On Tue, 16 Mar 2010, Carlos O'Donell wrote:

> After some of my own testing I think this is all MMU related, but I
> can't prove it yet. I'm pouring through as much kernel code as I can
> right now to determine what is going wrong at the time of the clone,
> and I see at least one bug that I'm investigating regarding return
> addresses.

I've attached another version of the minifail test program.  In
this one, the parent and thread both monitor the location 0x4000001c
in the stack region allocated to the thread.  If a problem is
detected, they drop core with an illegal instruction.  If the
child of the fork sees a nonzero value in the above location
when the fork call returns, it sleeps for ten seconds.
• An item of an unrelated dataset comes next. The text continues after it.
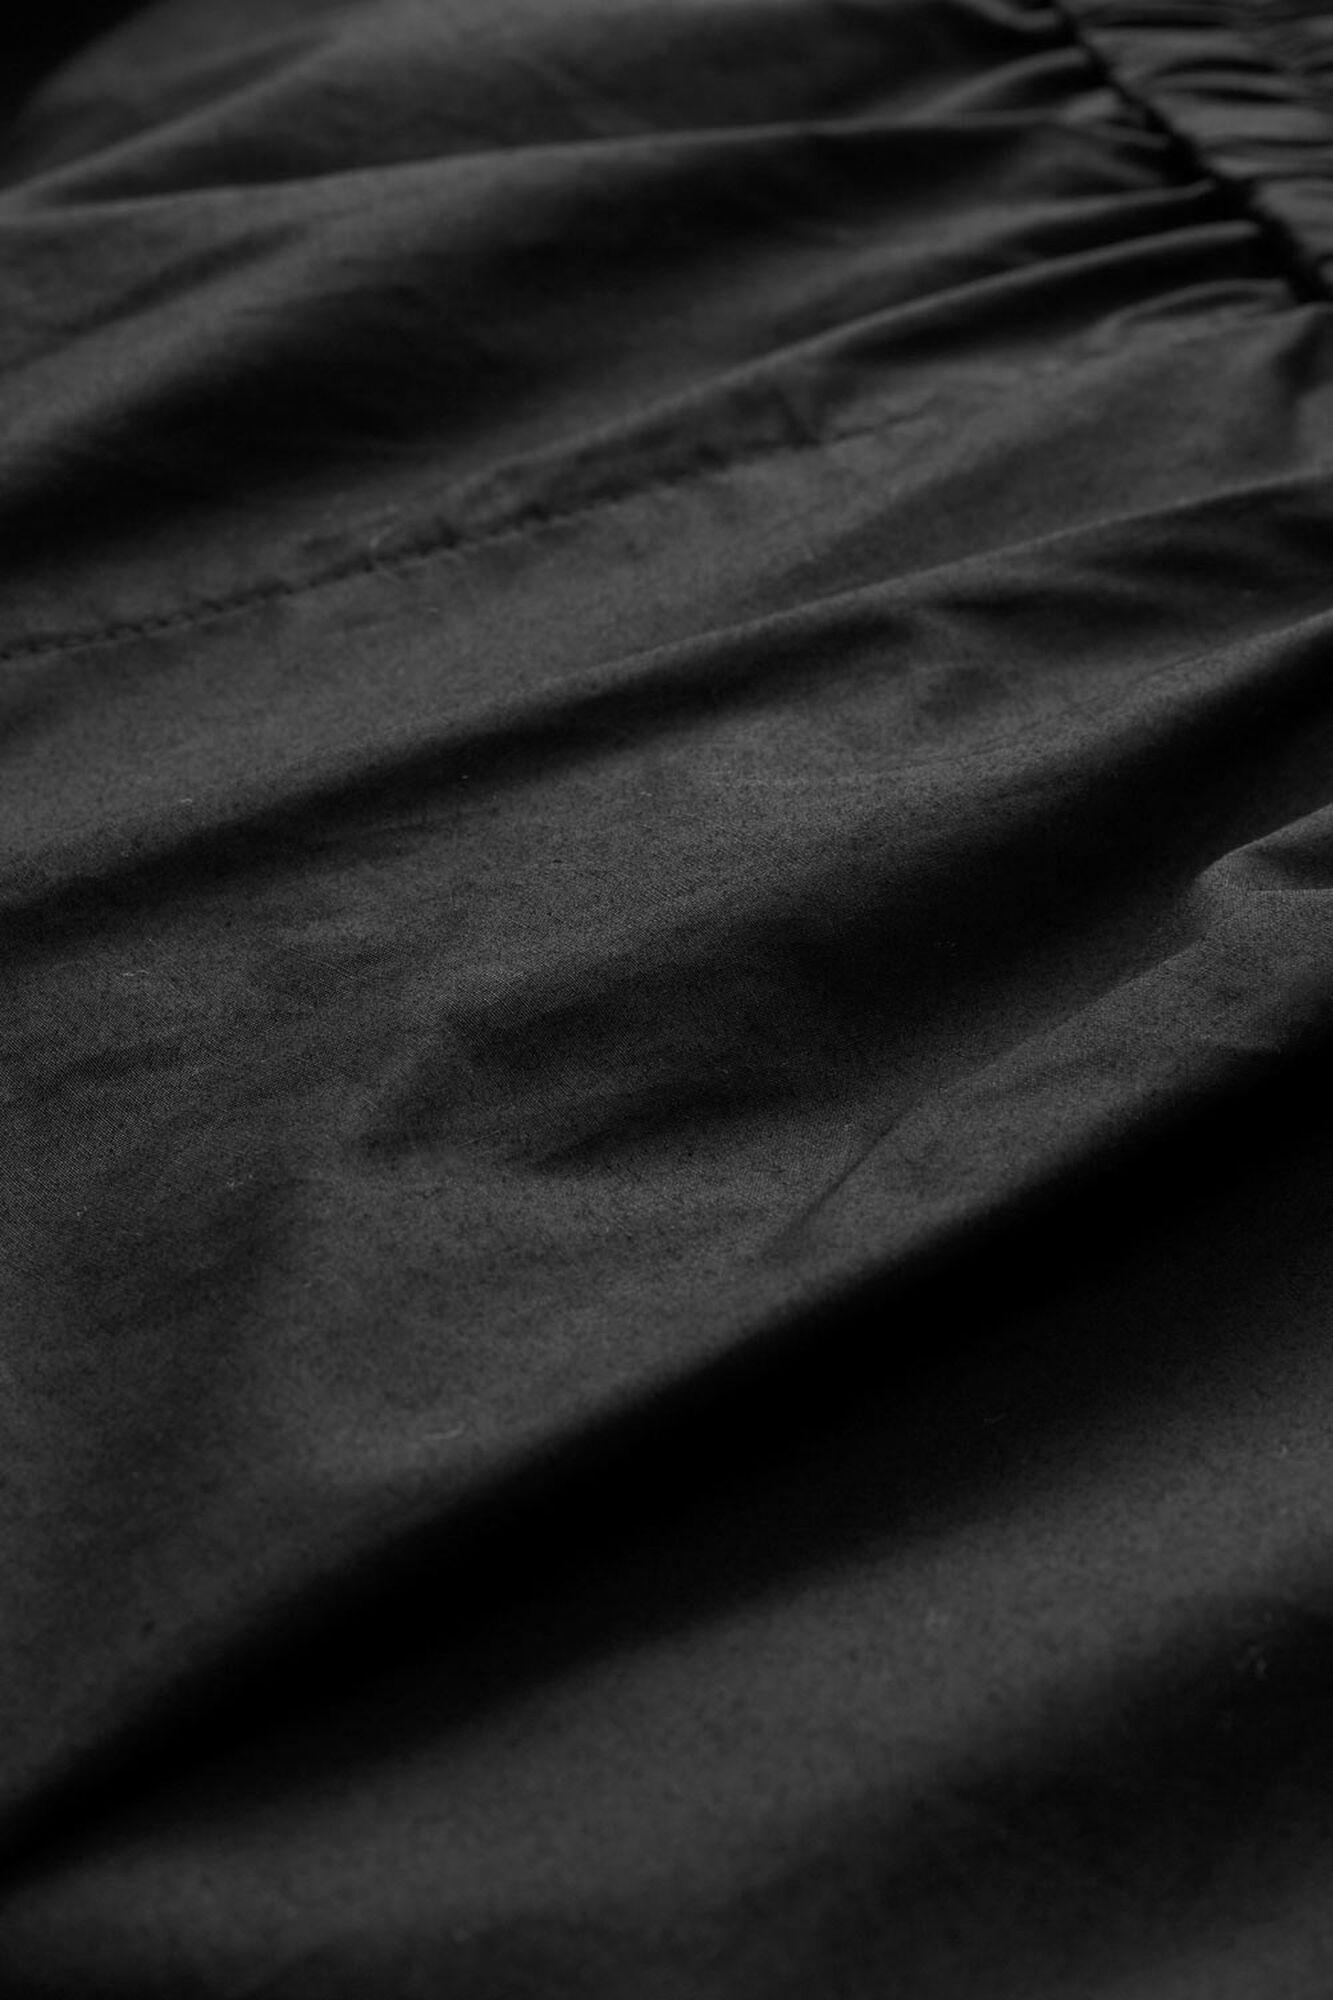 PARI TROUSERS, Black, hi-res

When corruption occurs and core is dropped on my c3750 (UP 32-bit
kernel), both the parent and thread have undergone many iterations
of their respective monitor loops.  The forked child always reports
seeing a nonzero value at the stack location.  The before value
in the core dump was zero (i.e., thread_run had not started).

I added an illegal instruction abort to the child.  In this case,
the thread_run loop counter was 48085 when the page was copied and
the before value was zero.

One thought that has crossed my mind is that the memory pages allocated
for the stack region used by the thread are somehow getting interchanged
between parent and child by the fork operation.  This happens fairly
late as both the parent and thread are executing post fork at the time
this happens.  Possibly, this is part of the bug.
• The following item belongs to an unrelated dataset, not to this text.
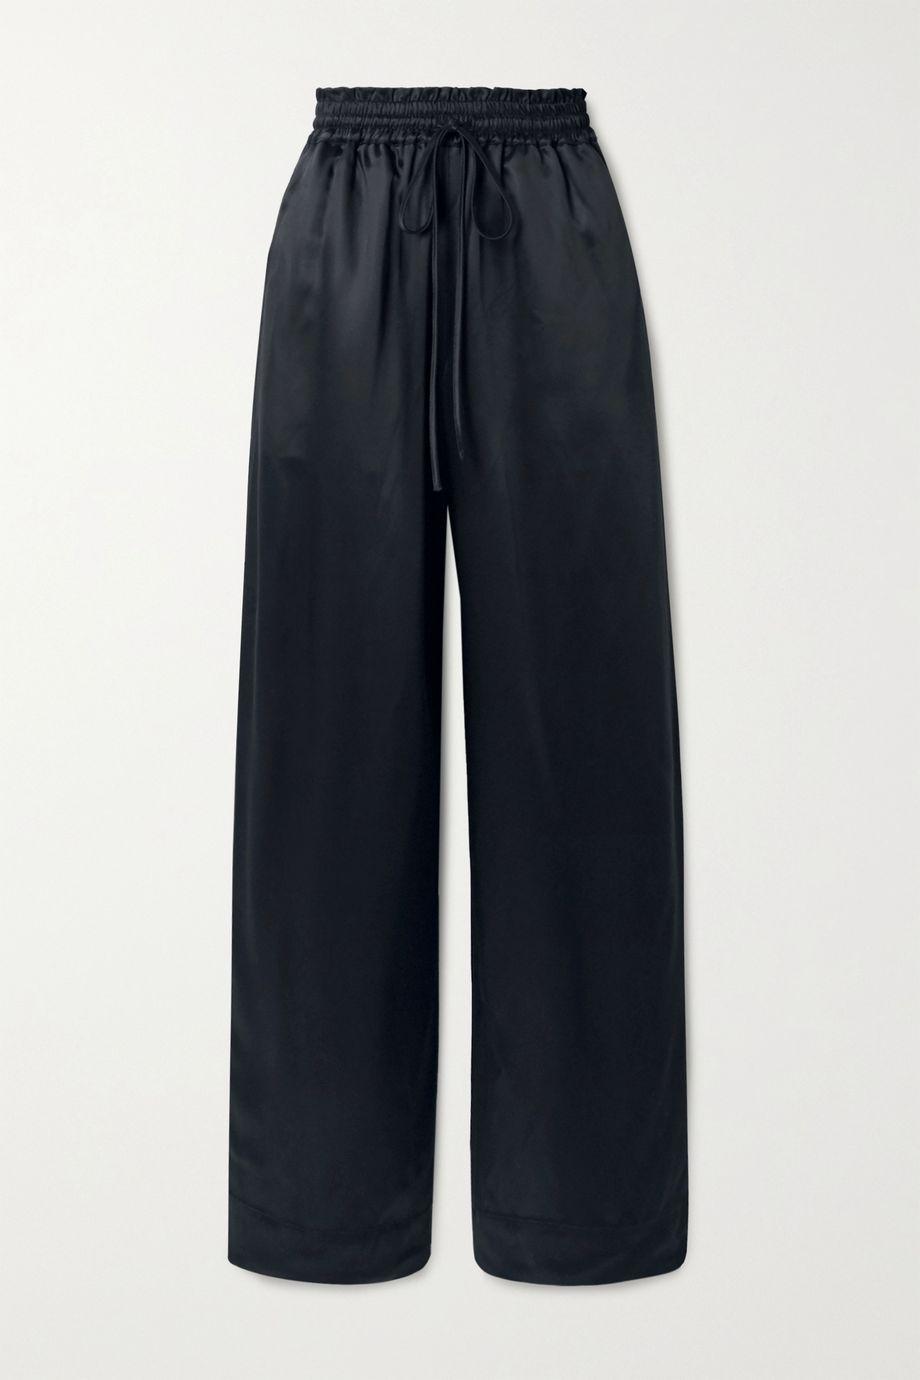 Co Duchesse-satin wide-leg pants

I have looked at entry.S and pacache.S quite a bit and it's not obvious
how this could happen, although I must admit to not fully understanding
the tmp alias code.  I tend to think the bug is in the core mm code.

I see a few cleanups to entry.S.  We didn't kill the misnamed macros
(DEP, DEPI and EXTR) for example.  But I don't think these are the problem.

Dave
-- 
J. David Anglin                                  dave.anglin@nrc-cnrc.gc.ca
National Research Council of Canada              (613) 990-0752 (FAX: 952-6602)